The Consonance of Time and Matter
Thóra Sigurðardóttir’s art is an investigation of time, space, and matter. Her works show us how space, our bodies, and mundane materials are bound up in time, its passage, and our life in this context. It is the manifestations and interplay of these factors that are lyrically rendered in this exhibition. The works interconnect within four exhibition spaces. One can, for example, clearly see the graphic works through the free-standing sculpture, yet they retain their character—as mutable substances interacting with the light and shadow of the space.
In the theory of relativity derived by Einstein (1879-1955), space and time are entwined in a single whole. This is precisely what emerges in Þóra’s work, in the “rhythmic tones” that appear on the canvas and in the prints. Time is manifest in the materials the artist uses: These works are “temporal”. They convey an origin that came about long before Þóra assembled these objects, e.g. the time when the linen in the canvas sprouted in Poland’s flax fields and then was heckled, spun, and woven. Thus the works build on ties to the environment and substances that both the passage of time and bodily contact have left their mark on. Viewers are invited into a space where matter, the body, and experience intertwine.

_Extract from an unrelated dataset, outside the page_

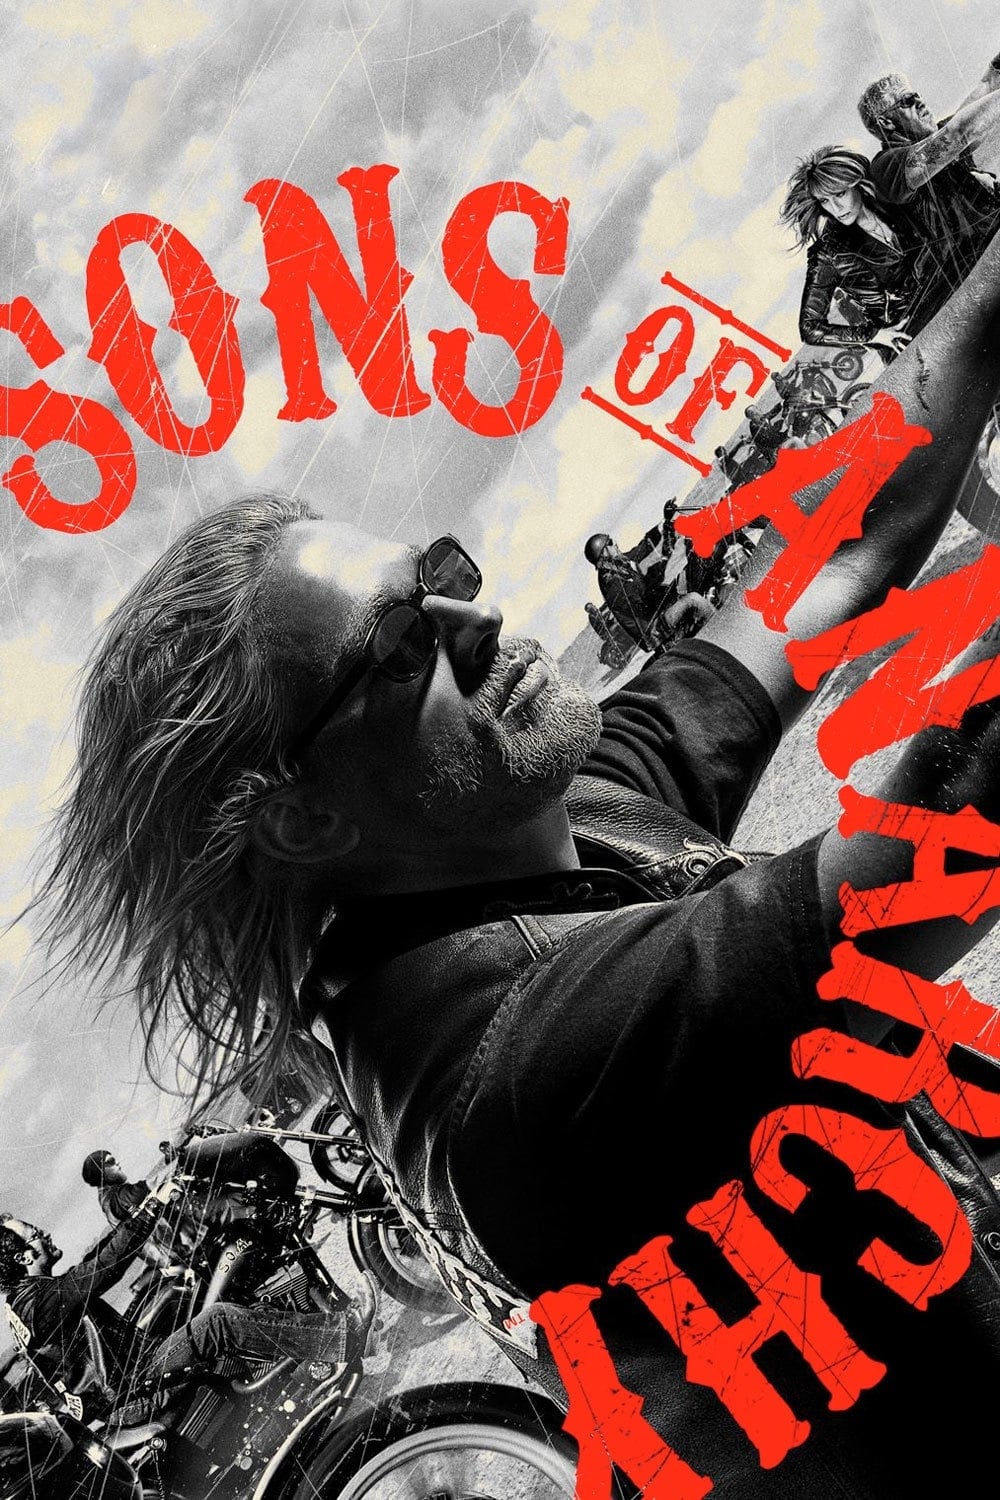 Sons of Anarchy (2008 - 2014) Seizoen 4 Disc 1 BD50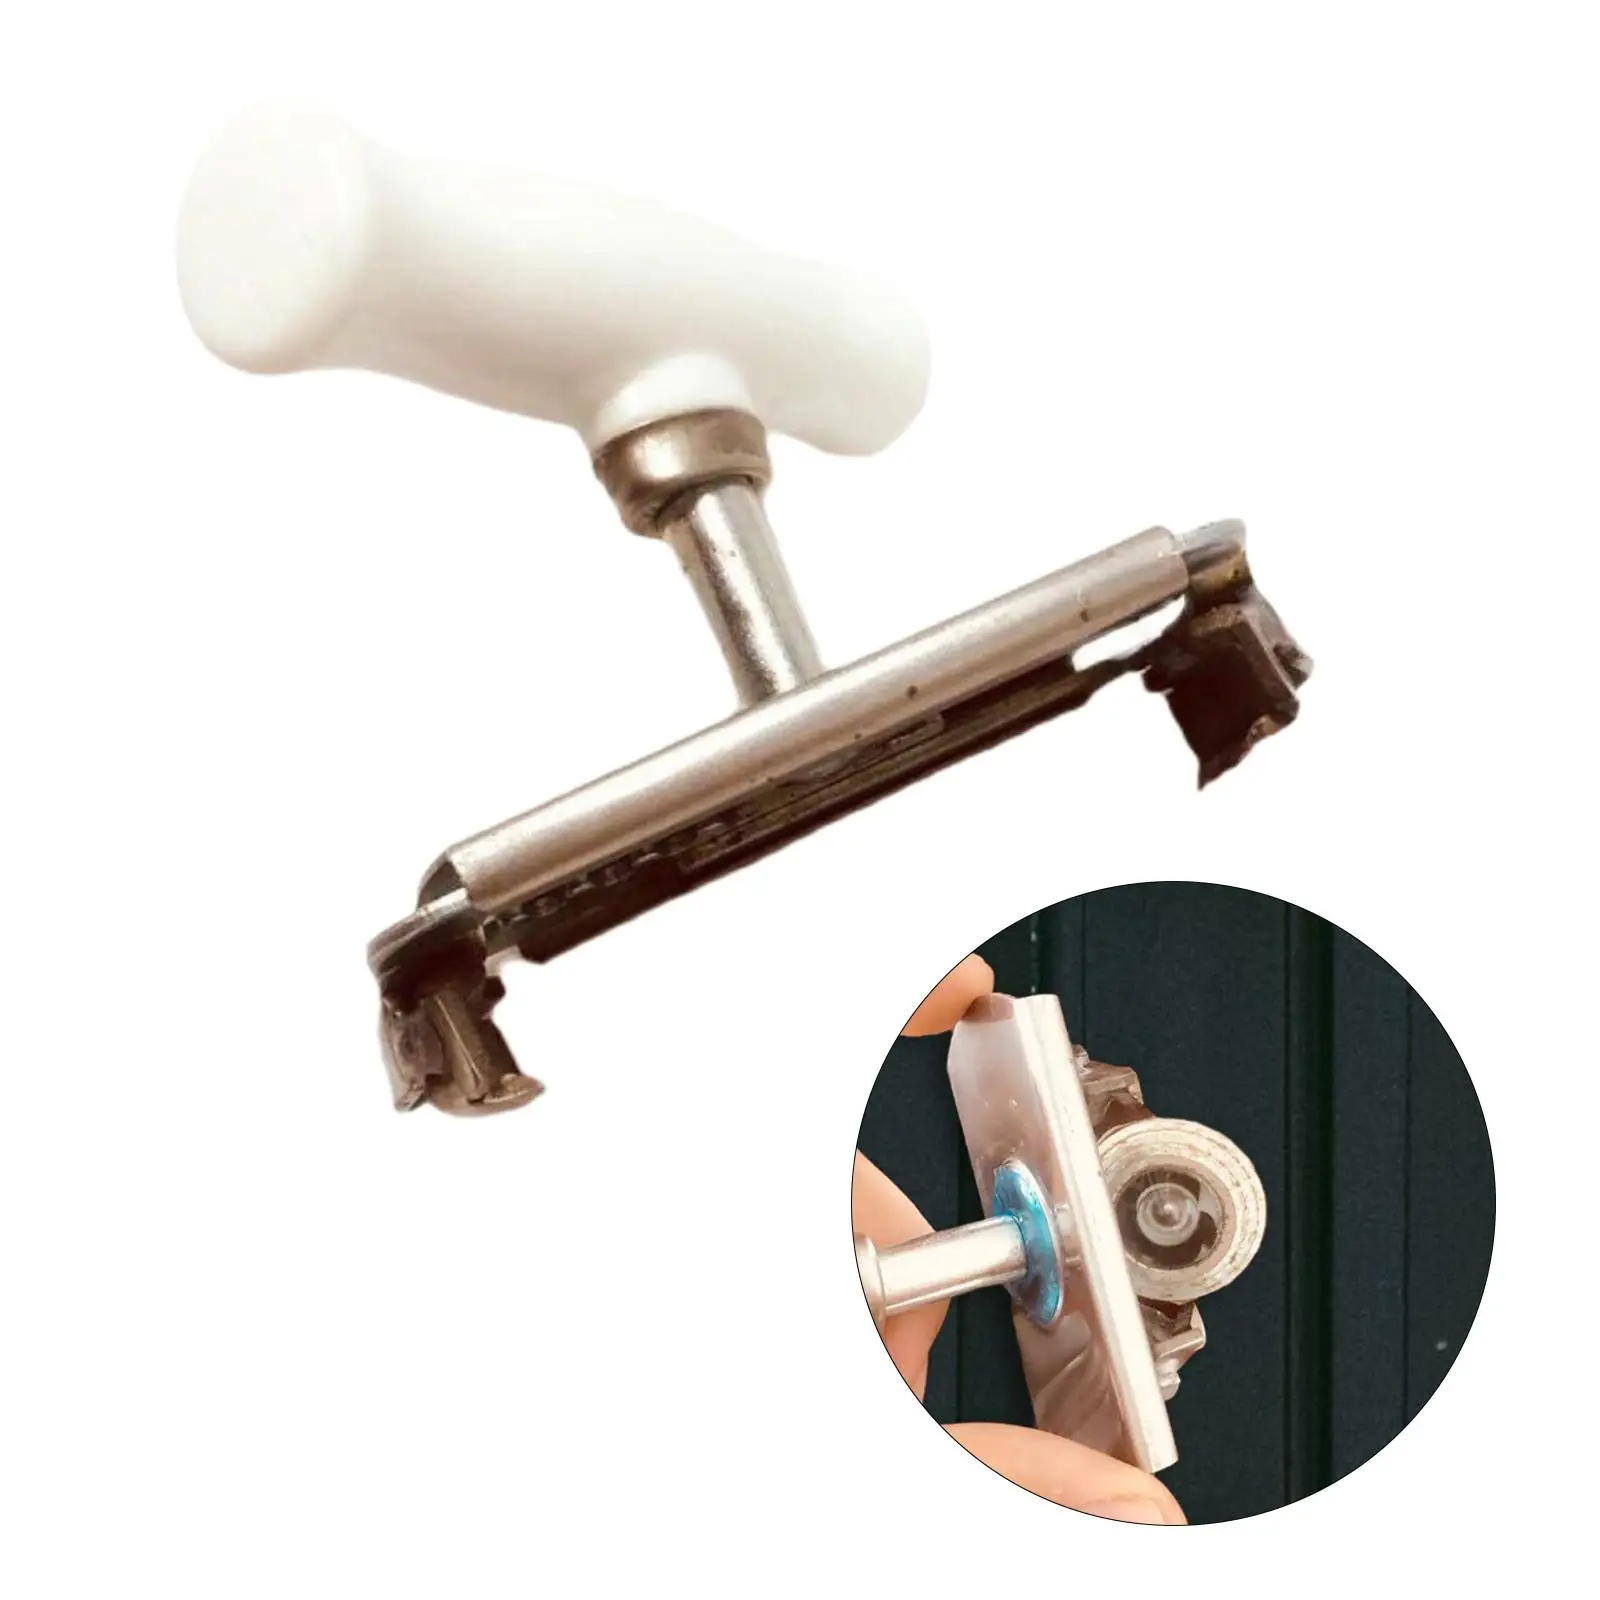 Adjustable Peephole Remover Premium Repair Locks Hook Extractor for Outdoor Training

The Space of Bodies and Things
Sigurðardóttir’s three-dimensional works connect space, the body, our movements, and the material world around us. These factors influence each other and forge new connections, not only in their present form but also under the influence of passing time. Thus the material is never fixed and immutable; it is shaped by interplay, the motion of wind, ocean waves, and bodily contact. This dynamism means that the three-dimensional works are not isolated phenomena but rather part of a larger network. Each object harbors a history, a process, a life that was lived, and gives viewers a chance to contemplate their own bodies and their memories of past acquaintance with textiles, fruits, stones, polished wood, the skin of others, metals, or something else entirely.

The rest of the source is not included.